Find the line below with "Alternate Image 1". Print it and every line after it exactly, through the last line, leaving out the pictures.

__Available data__.
* * * * * * * * *
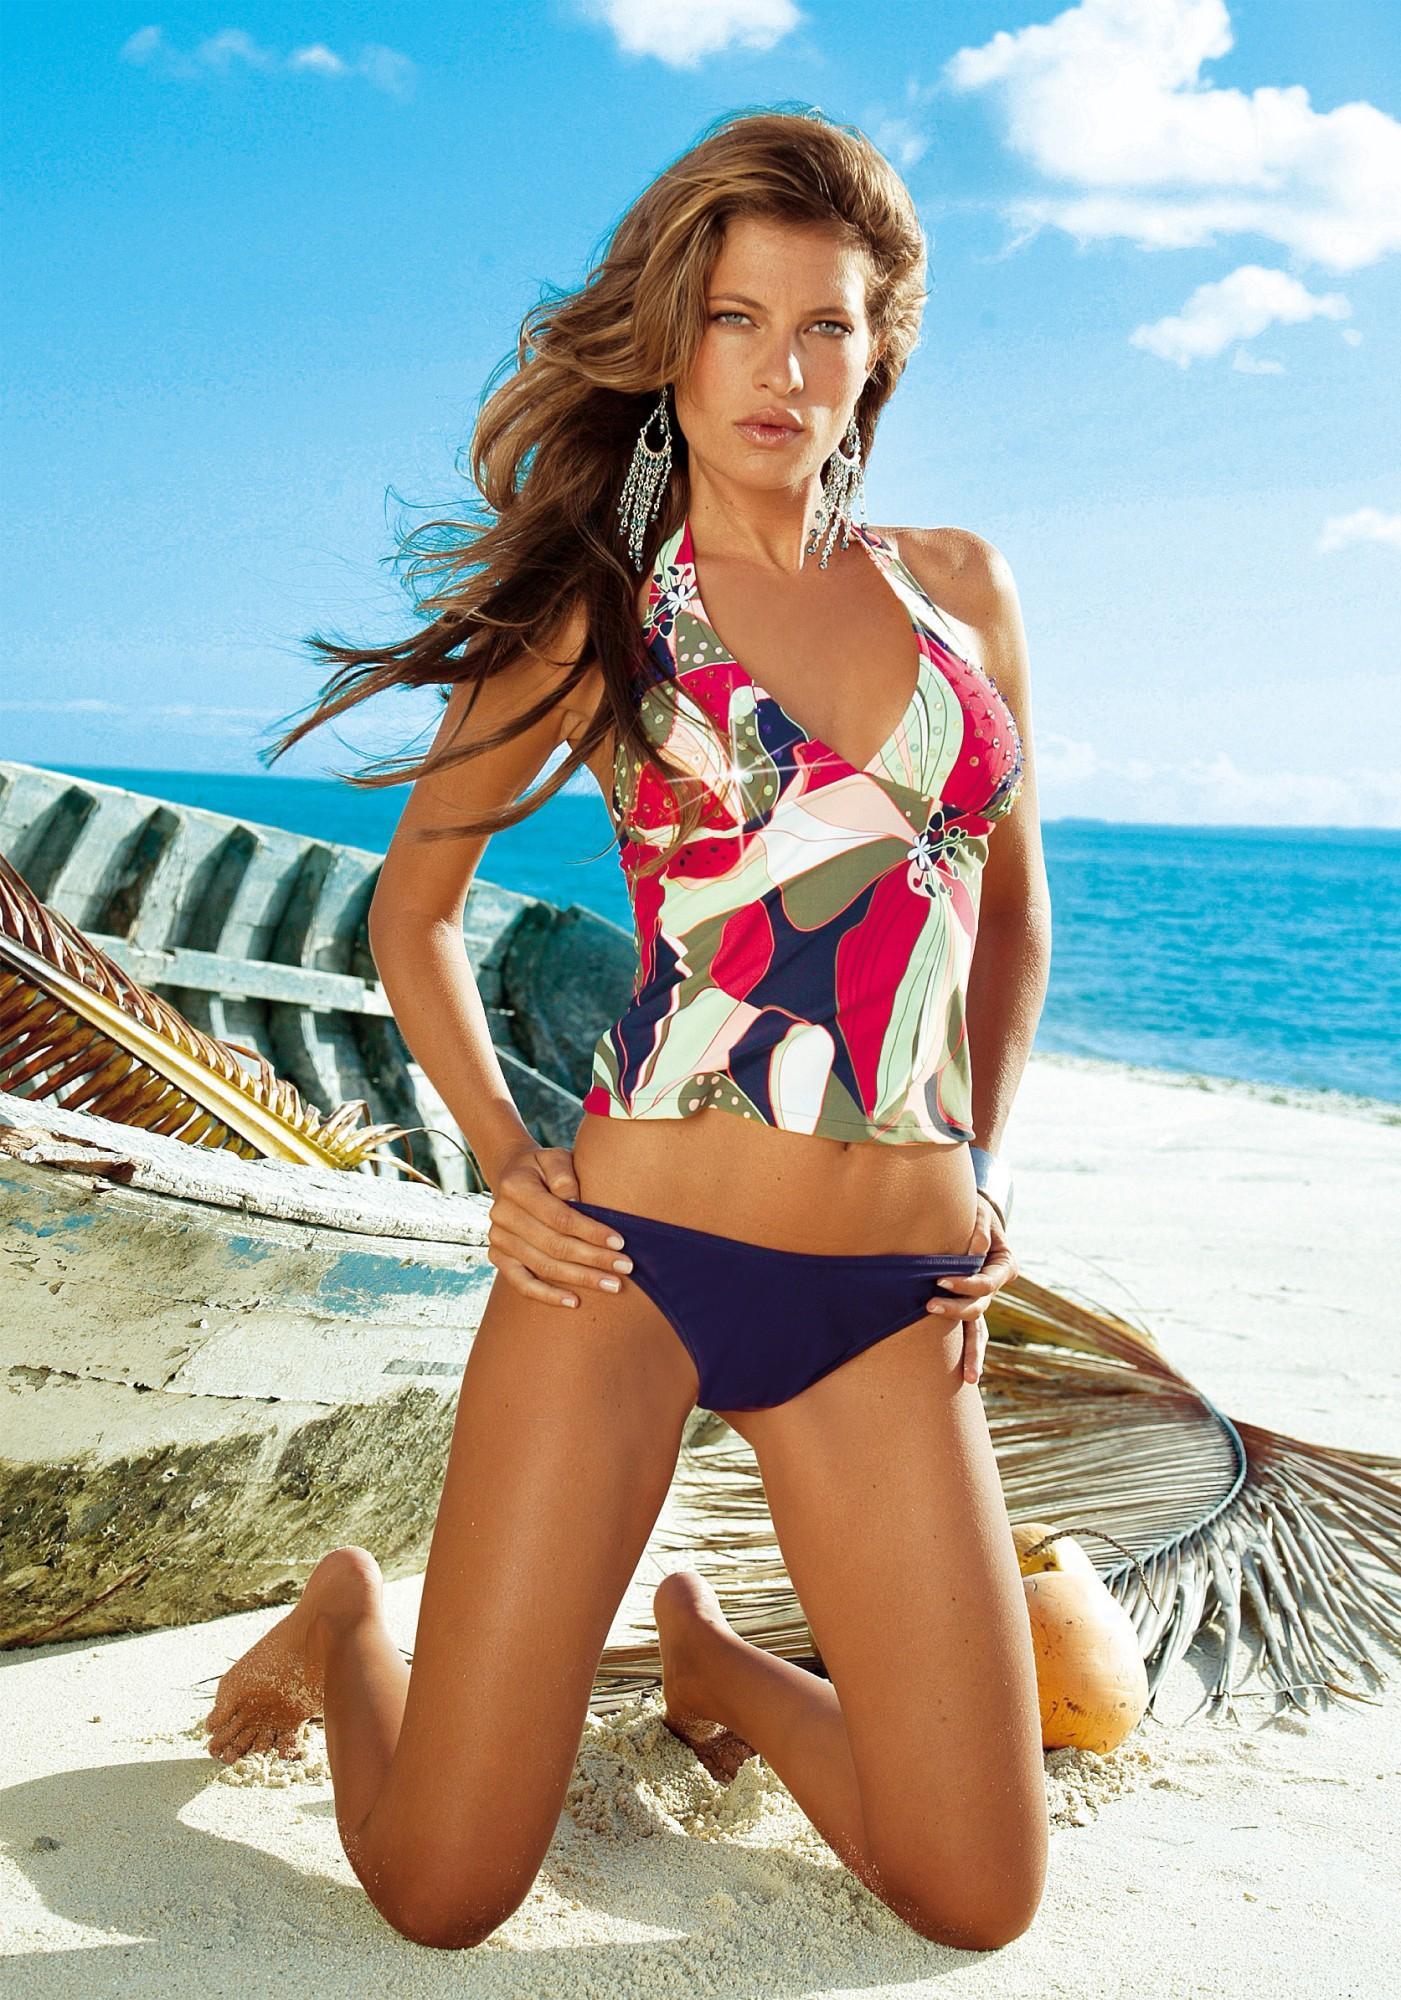 bruna magagna – unknown bikini photoshoot | swimsuit photo part 2
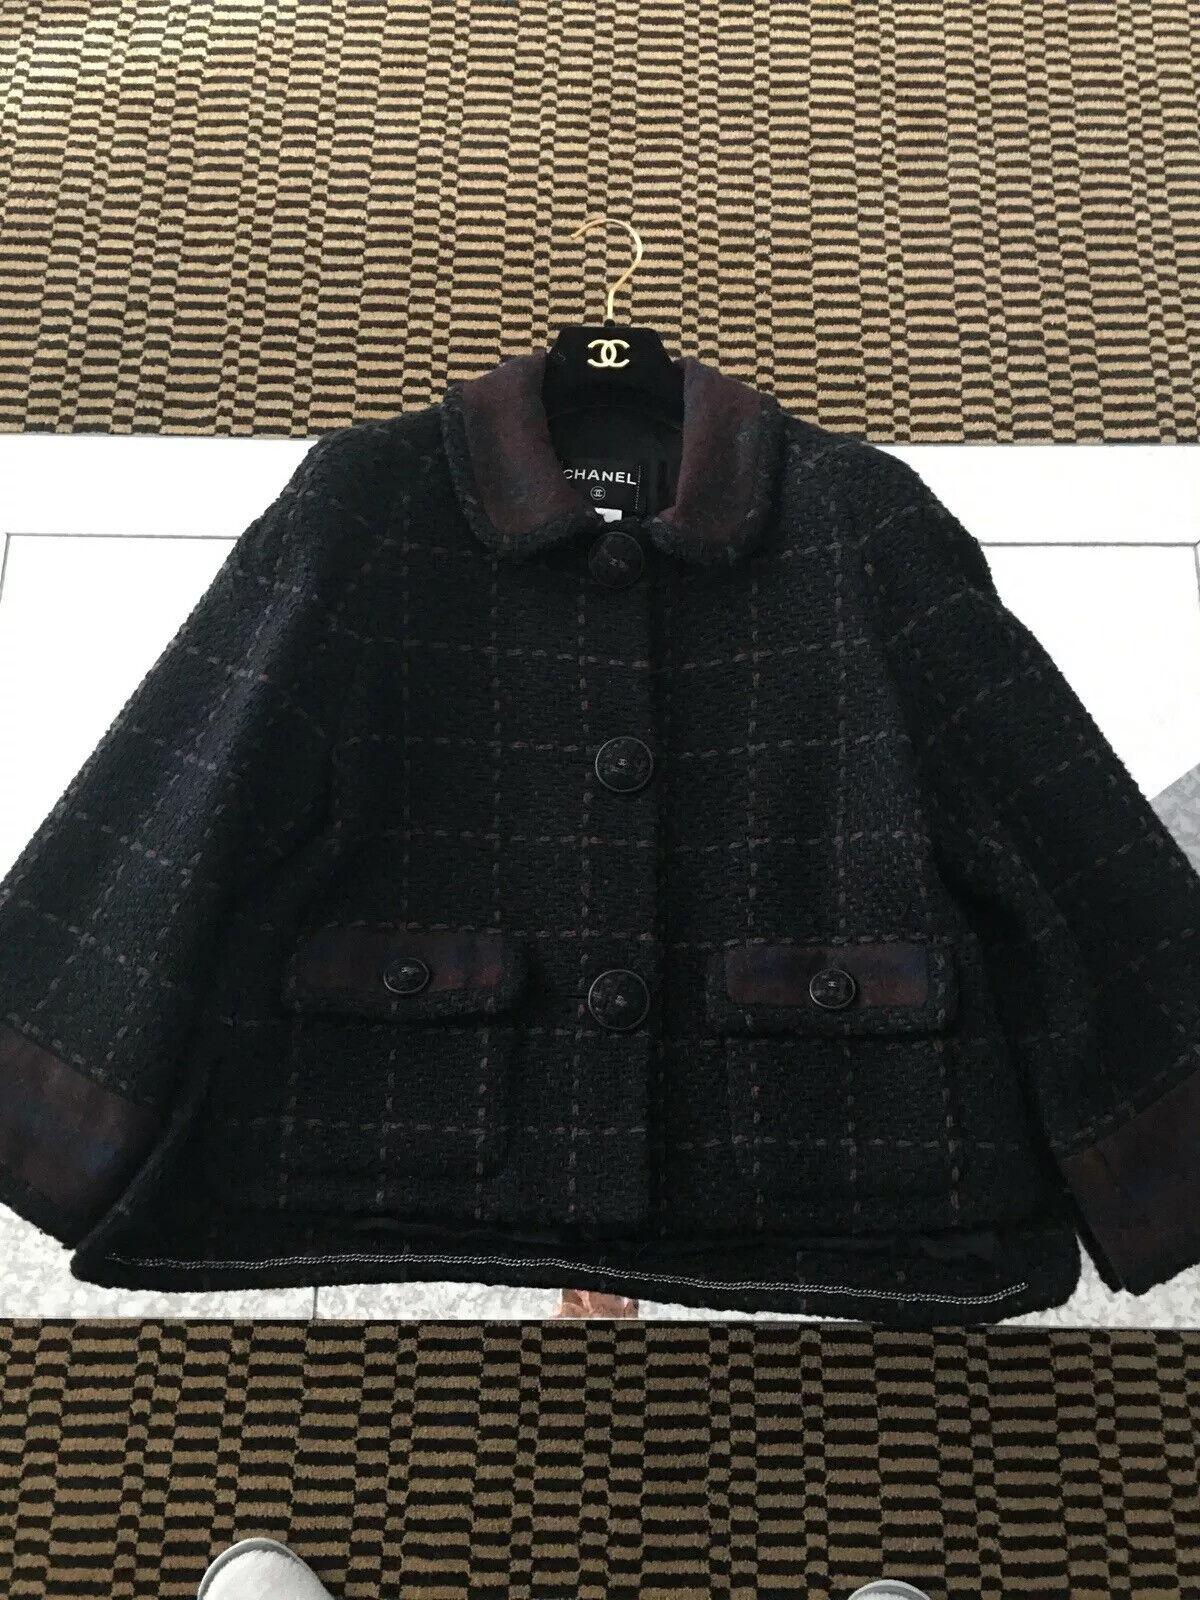 100% Authentic Chanel Jacket - image 1
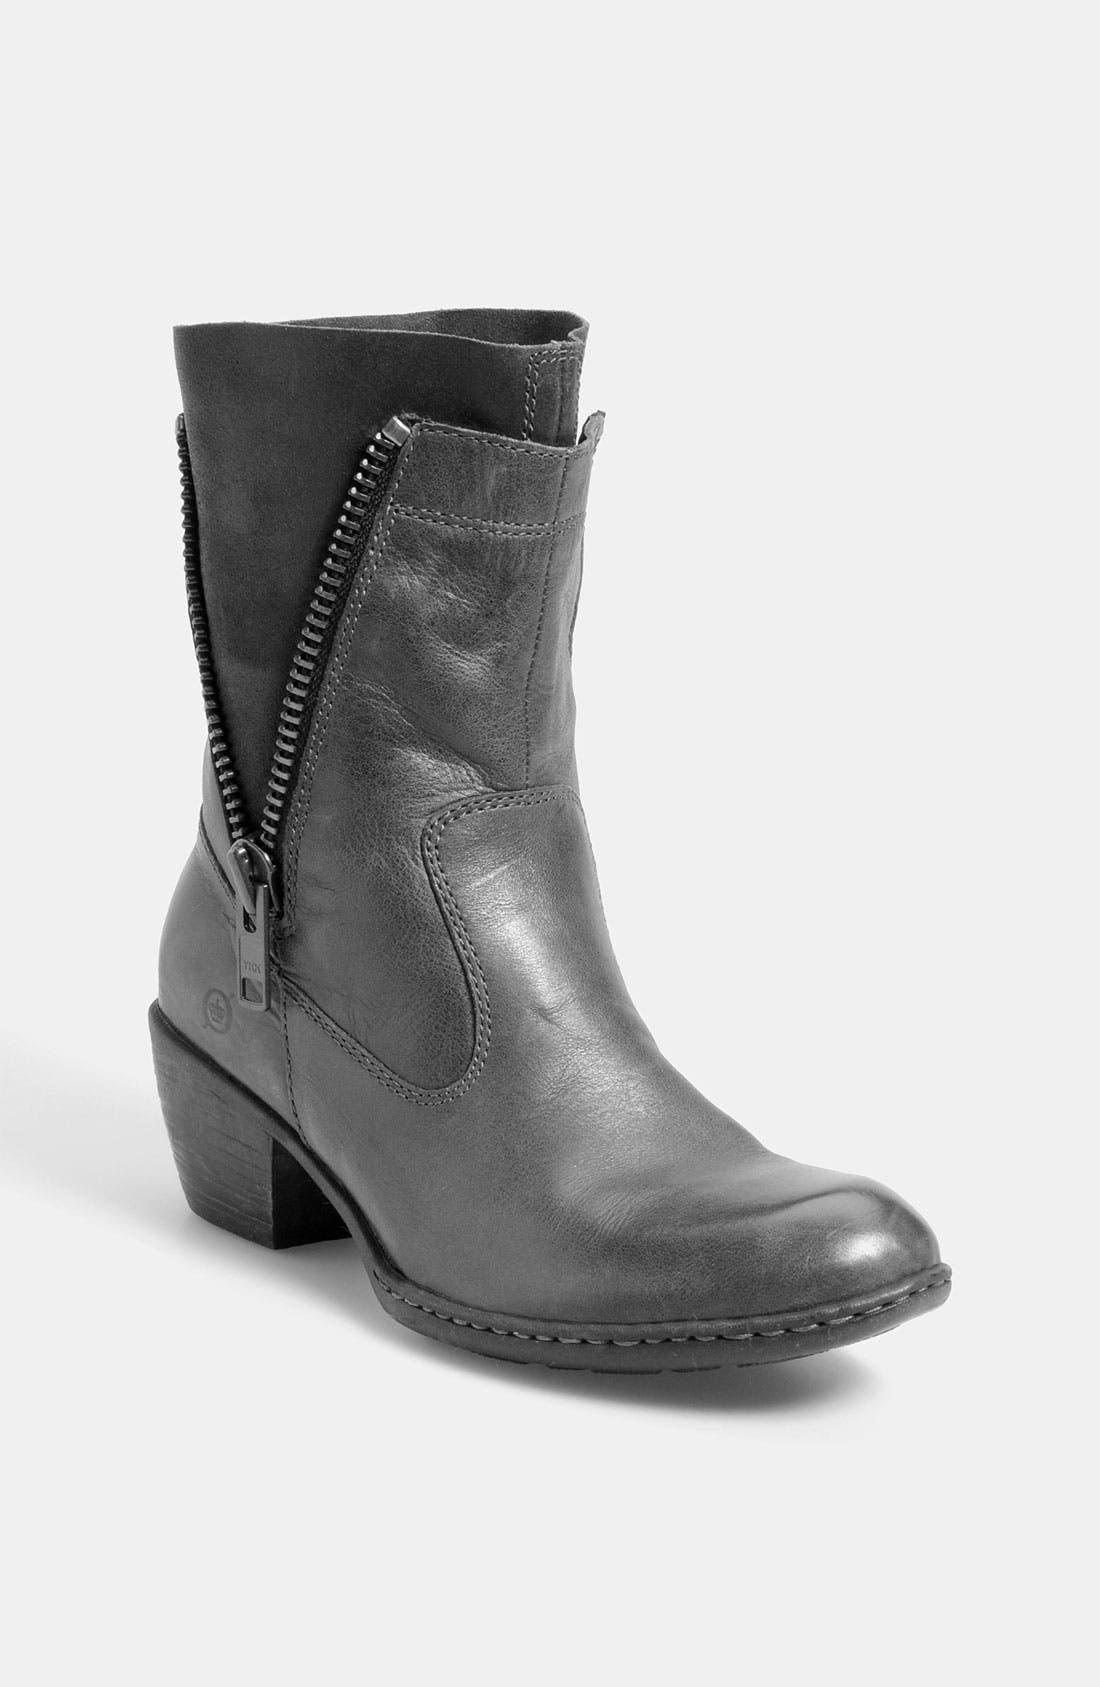 Alternate Image 1 Selected - Børn 'Mila' Boot
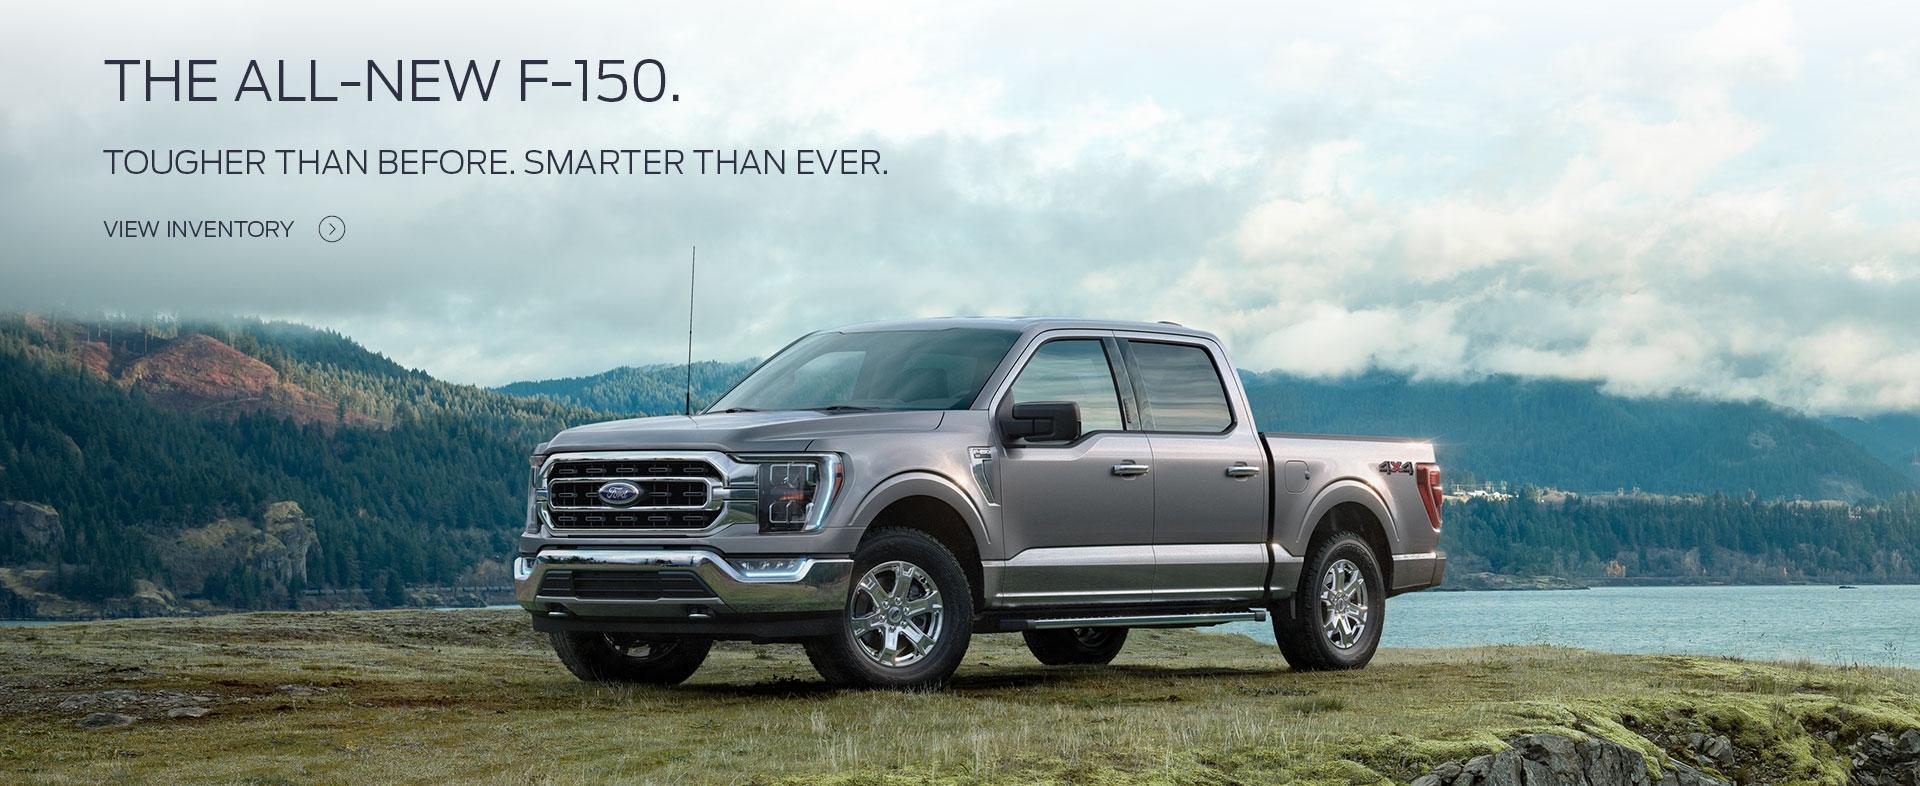 2021 Ford F-150 | McDonnell Motors
* * * * * * * * *
__Solution__.
 Alternate Image 1 Selected - Børn 'Mila' Boot
 2021 Ford F-150 | McDonnell Motors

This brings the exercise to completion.